Robotic Chinese Calligraphy with Human Preference

Robotic Chinese calligraphy is an attempt to lead robots to learn mankind's culture and knowledge. The current research on robotic calligraphy ignores the usage of human preferences. This has restricted robots to produce writing results reflecting personalized styles. This paper proposes a robotic learning approach that introduces a inverse reinforcement learning algorithm with human preferences into a robotic writing system. Through selections of human users, the robot system learns to write Chinese character strokes according to the user's aesthetic preference. Thus, the paper first uses a generative network adopting from the Generative Adversarial Nets to produce a basic writing ability of Chinese strokes for a robot system. Then, the writing results of the robot are captured by the robot's visual device and then presented to the human users as images.

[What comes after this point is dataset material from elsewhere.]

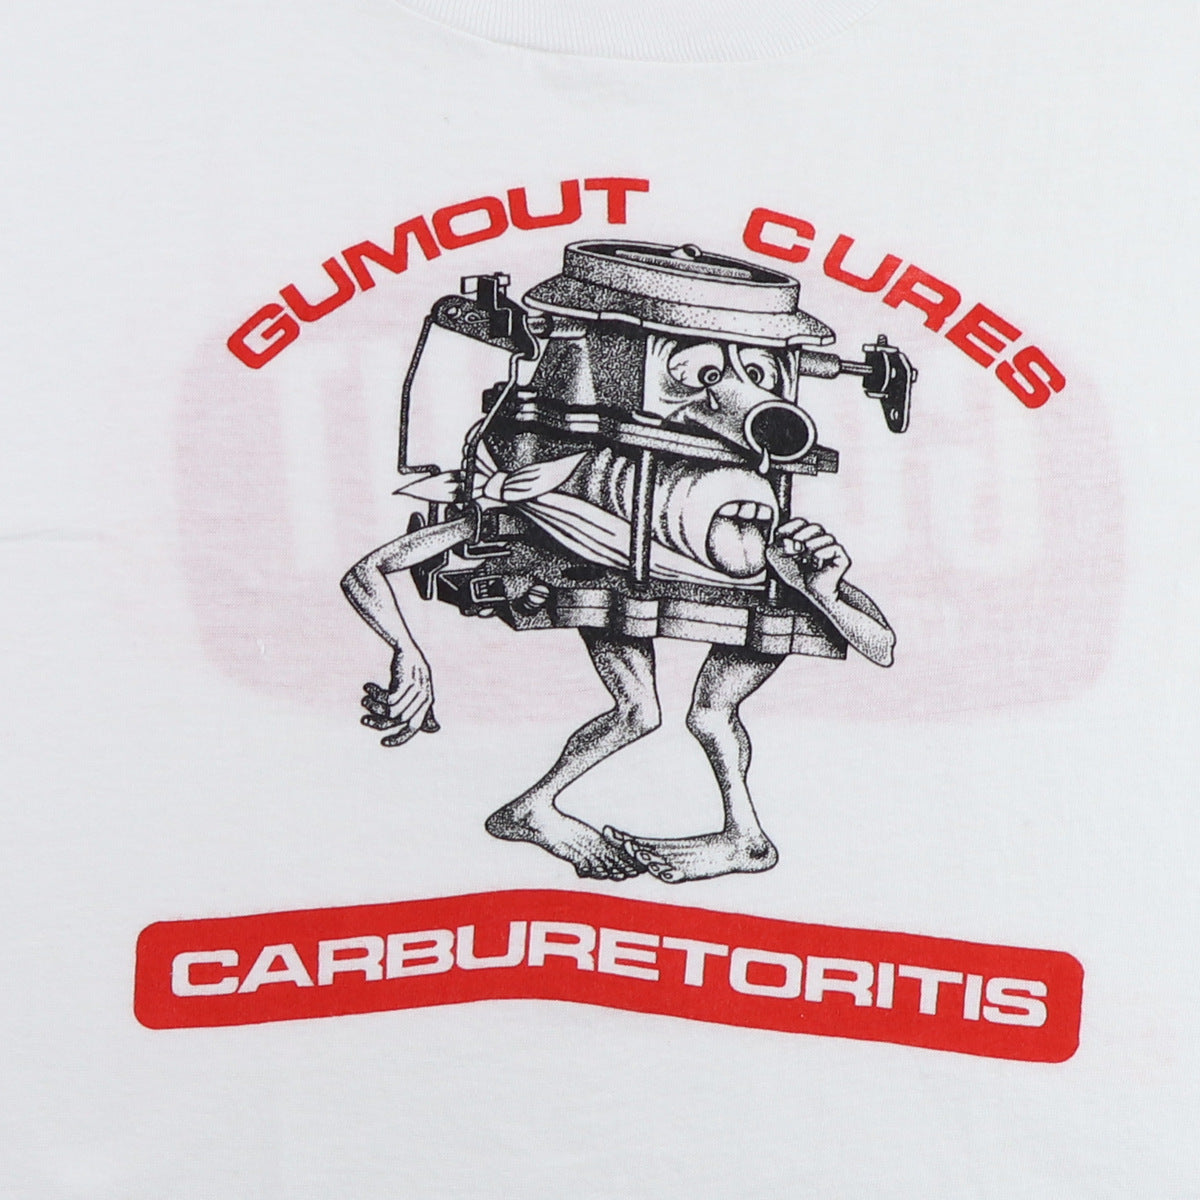 1970s Gumout Carburetor Cleaner Shirt

Then, the human users give their preferences as the feedbacks of the images, the approach uses the marked images to train a reward predictive mechanism. In the end, the reward predictive mechanism aids the inverse reinforcement learning algorithm to enable the robot to automatically improve its writing ability of Chinese character strokes. Experimental results show that the proposed framework can successfully allow the robot to write Chinese characters strokes in accordance with the human user's preference. In addition, the robot demonstrates a fast learning speed with a small number of human selections. This gives a very promising solution to the robot's learning of more complex movements.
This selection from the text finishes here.